● WHAT YOU HAVE TO DO
Restate the data word for word and leave the images out.

● INFORMATION SUPPLIED
..........
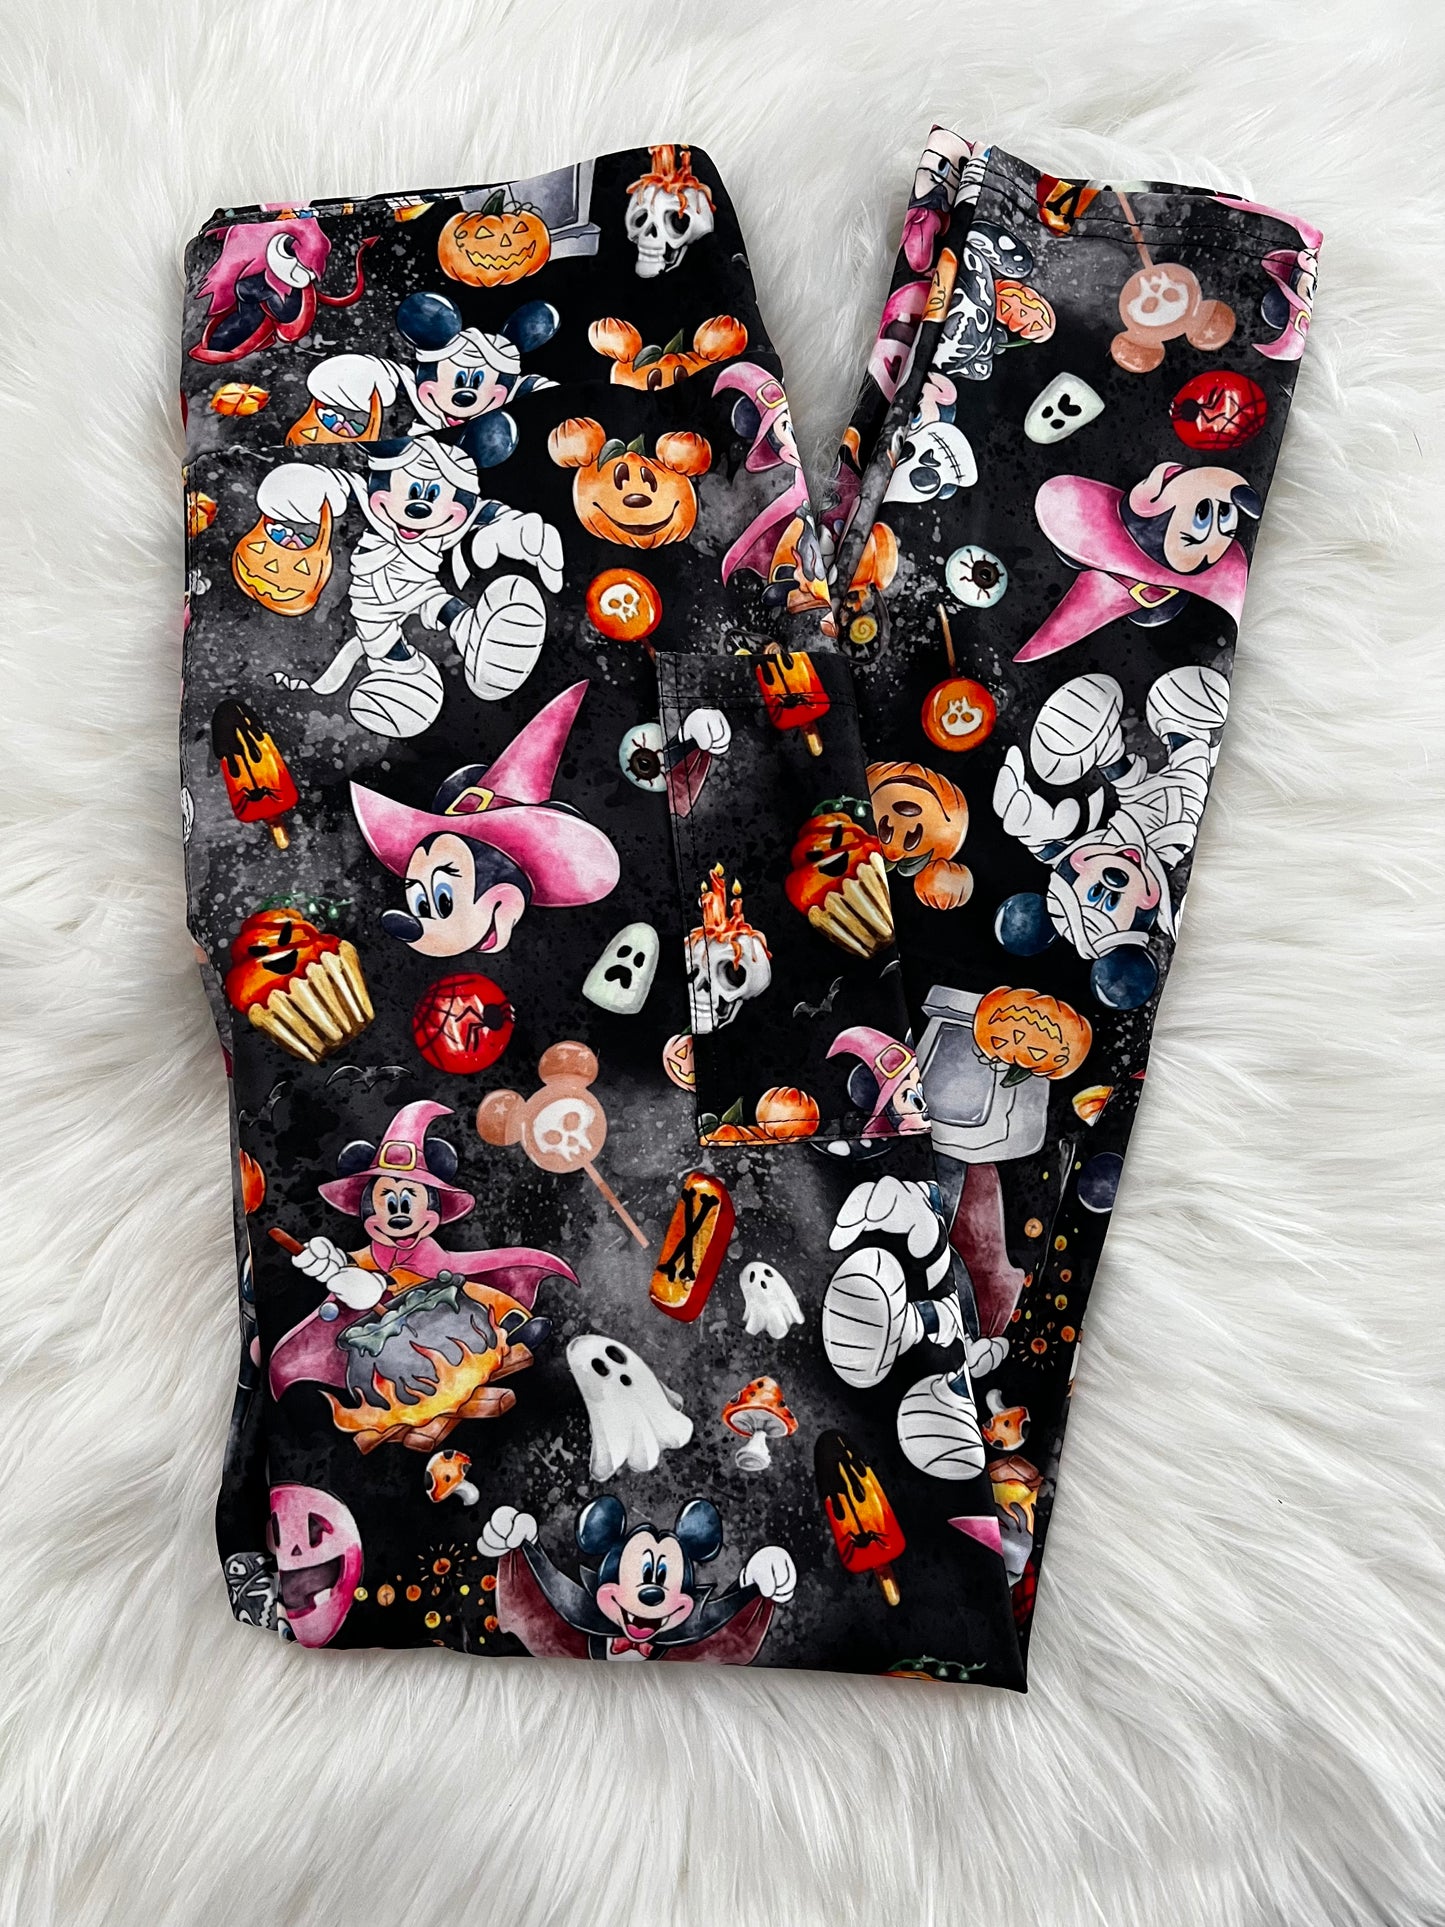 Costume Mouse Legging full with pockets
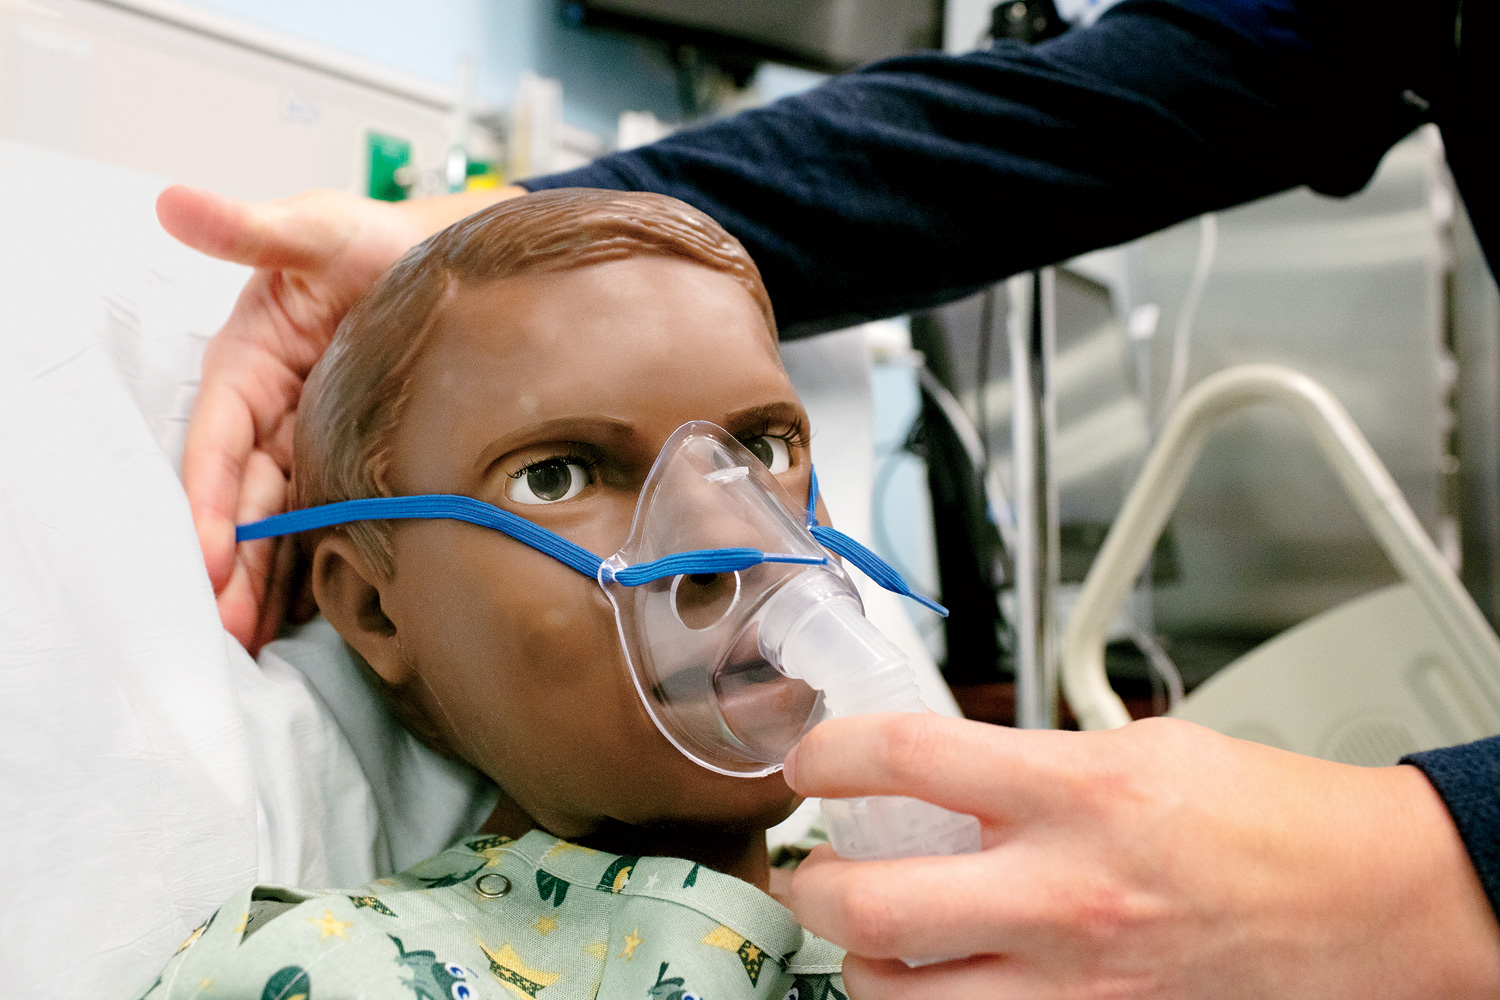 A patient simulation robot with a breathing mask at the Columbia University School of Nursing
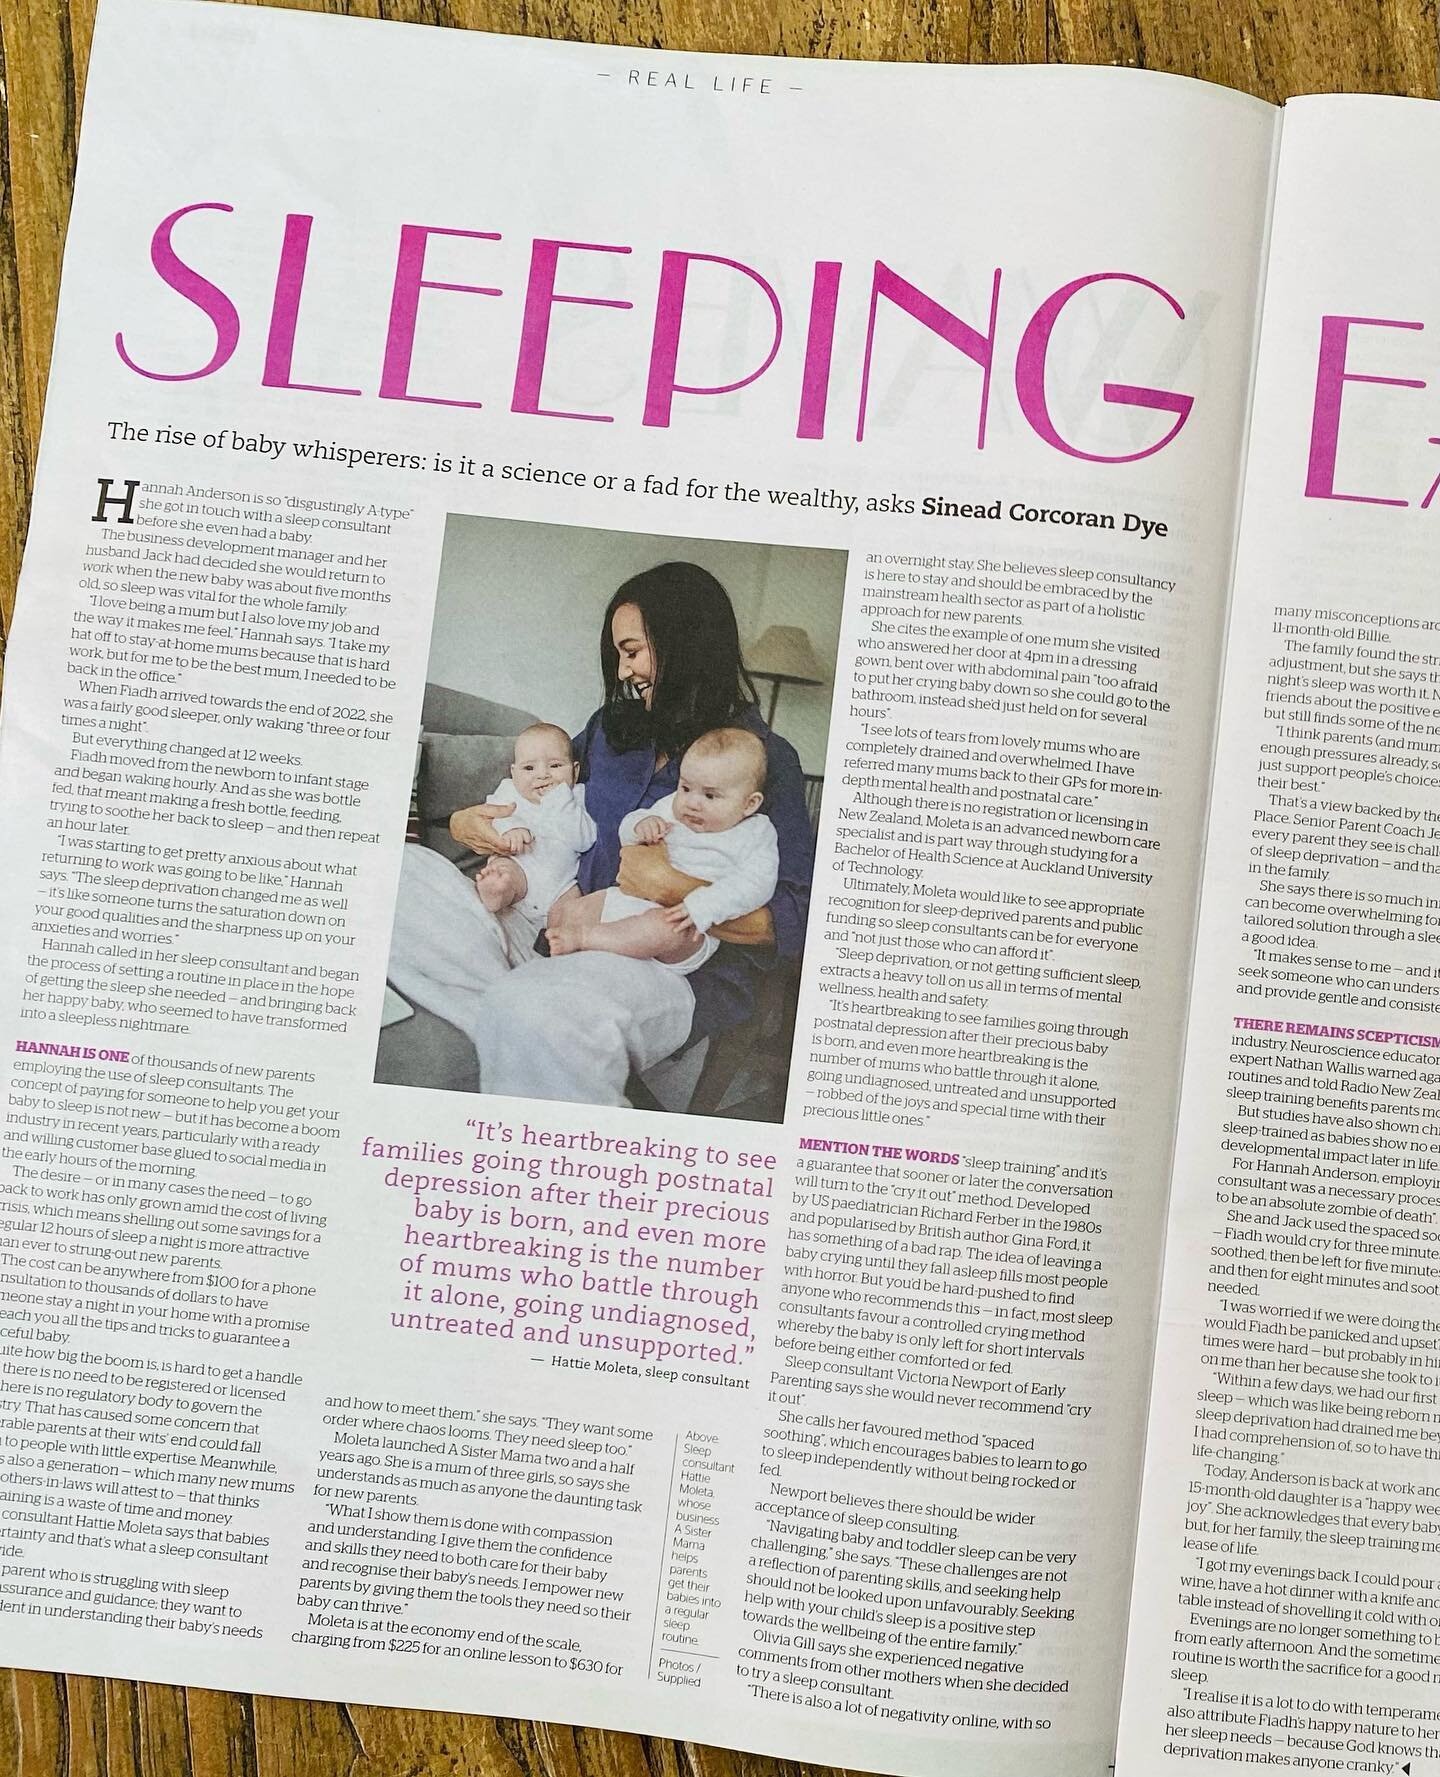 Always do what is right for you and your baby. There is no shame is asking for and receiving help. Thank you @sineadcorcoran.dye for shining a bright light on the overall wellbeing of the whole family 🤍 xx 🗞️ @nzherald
..........
● EXERCISE RESULT
 Costume Mouse Legging full with pockets
 A patient simulation robot with a breathing mask at the Columbia University School of Nursing
 Always do what is right for you and your baby. There is no shame is asking for and receiving help. Thank you @sineadcorcoran.dye for shining a bright light on the overall wellbeing of the whole family 🤍 xx 🗞️ @nzherald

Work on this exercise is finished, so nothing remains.